■ Work instructions:
Pictures in the material below are to be left out, and only the lines from the line with "Logo negro en" up to and including the line with "Community Wochenrückblick #42/2022" are to be written out exactly.

■ Material for the task:

- Opening Delimiter -

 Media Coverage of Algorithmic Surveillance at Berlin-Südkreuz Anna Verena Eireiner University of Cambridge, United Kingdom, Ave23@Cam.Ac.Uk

- Closing Delimiter -
- Opening Delimiter -

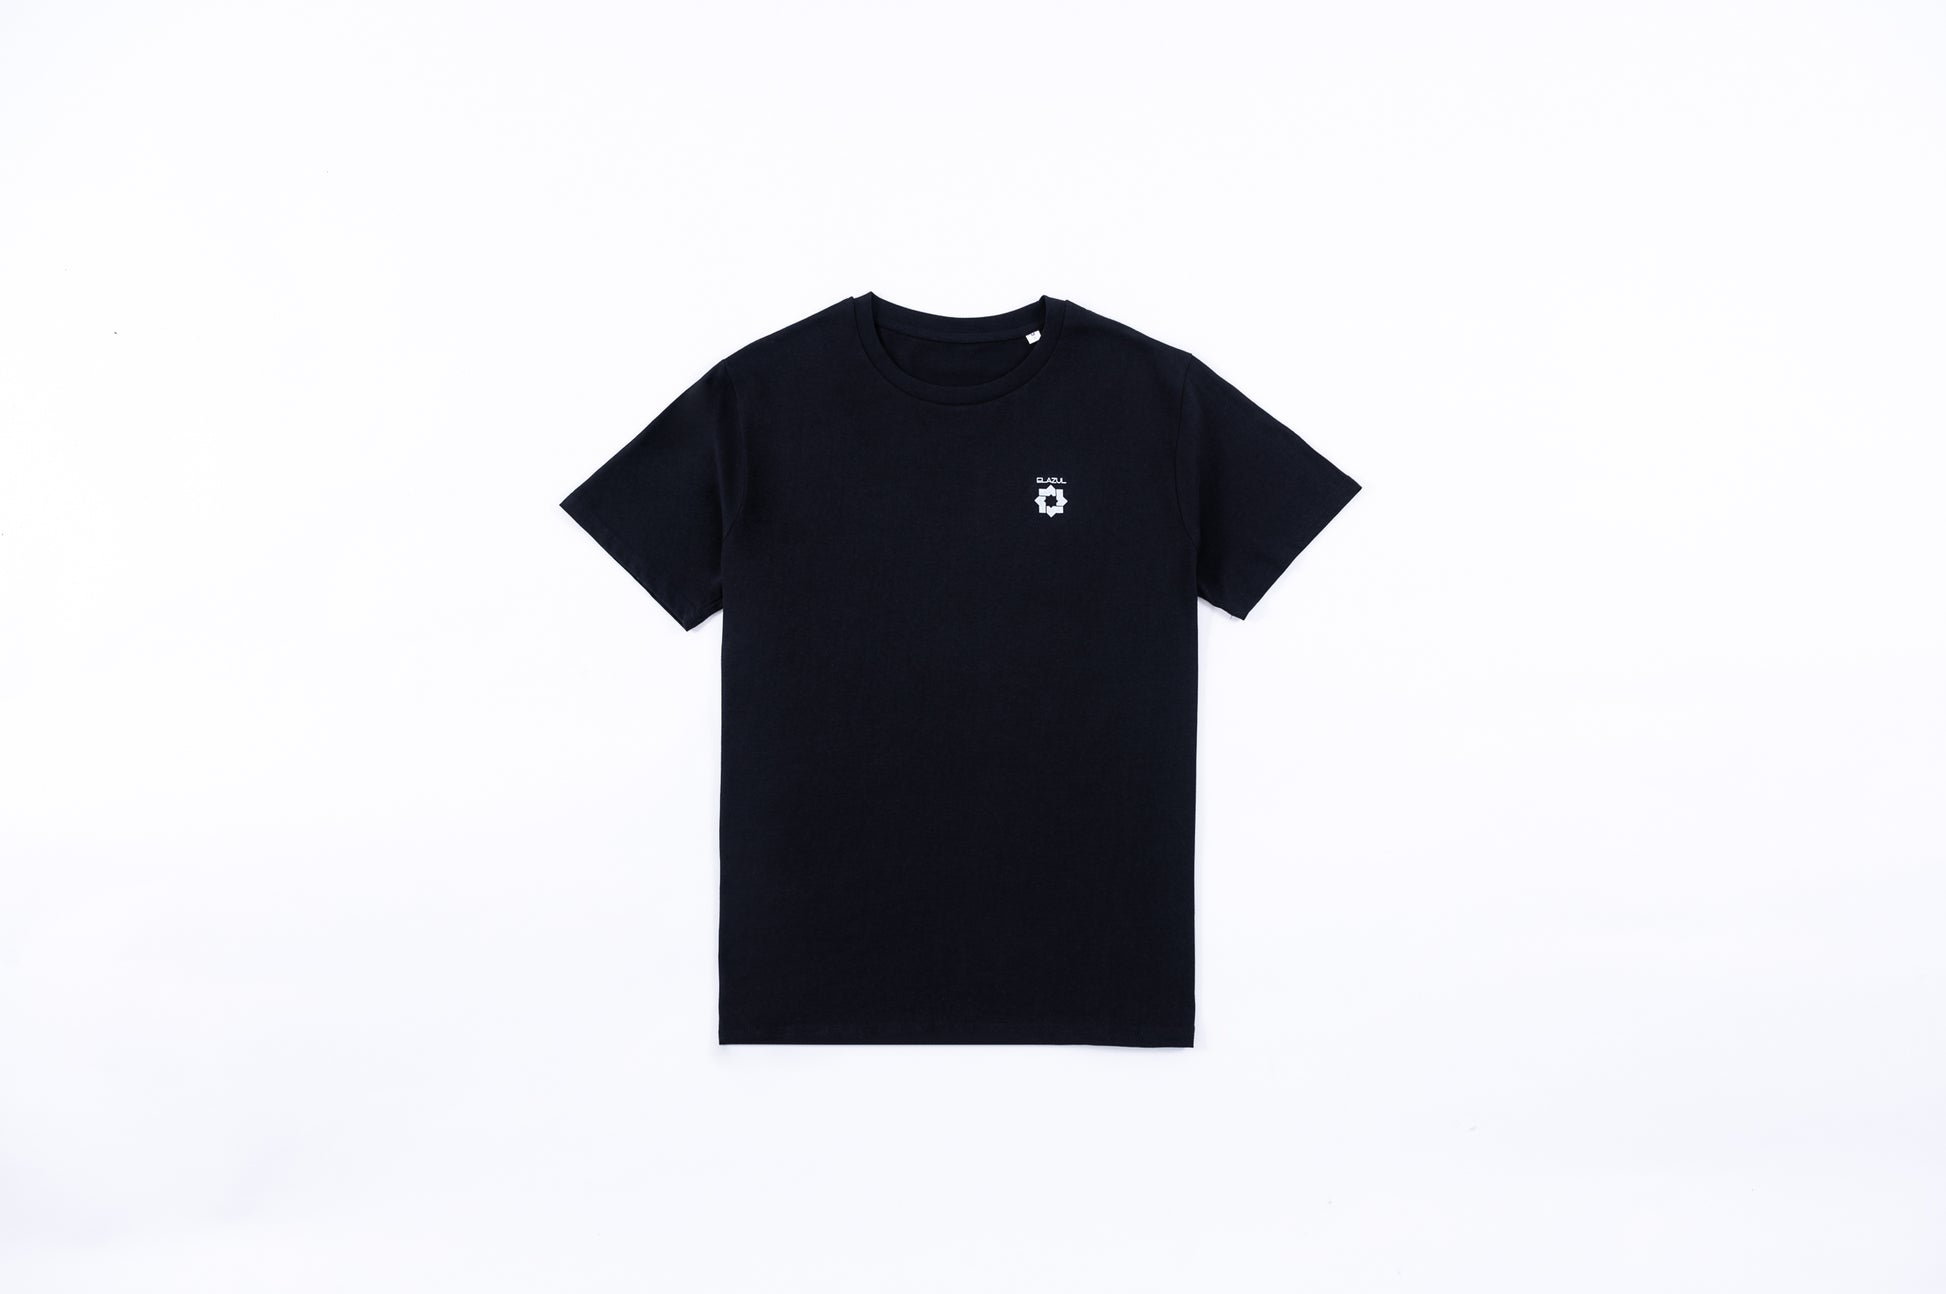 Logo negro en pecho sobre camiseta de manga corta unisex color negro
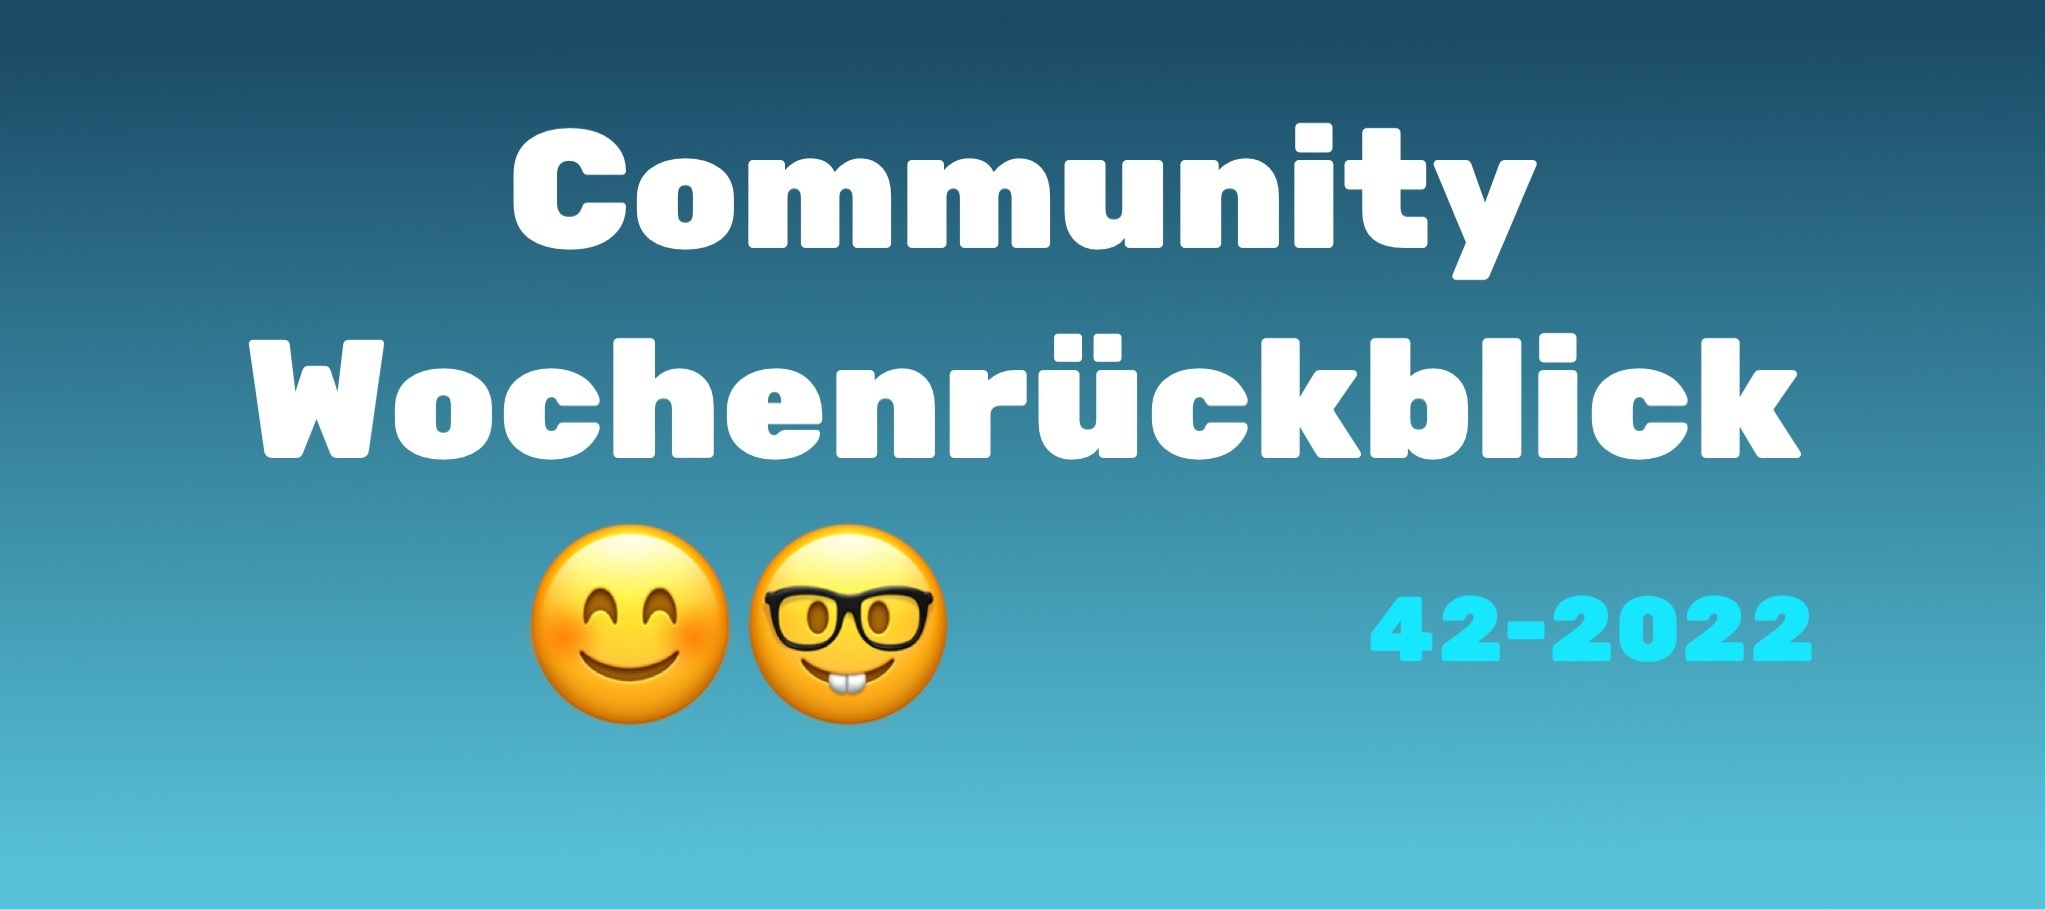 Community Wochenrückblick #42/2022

- Closing Delimiter -

■ Result for this task:
 Logo negro en pecho sobre camiseta de manga corta unisex color negro
 Community Wochenrückblick #42/2022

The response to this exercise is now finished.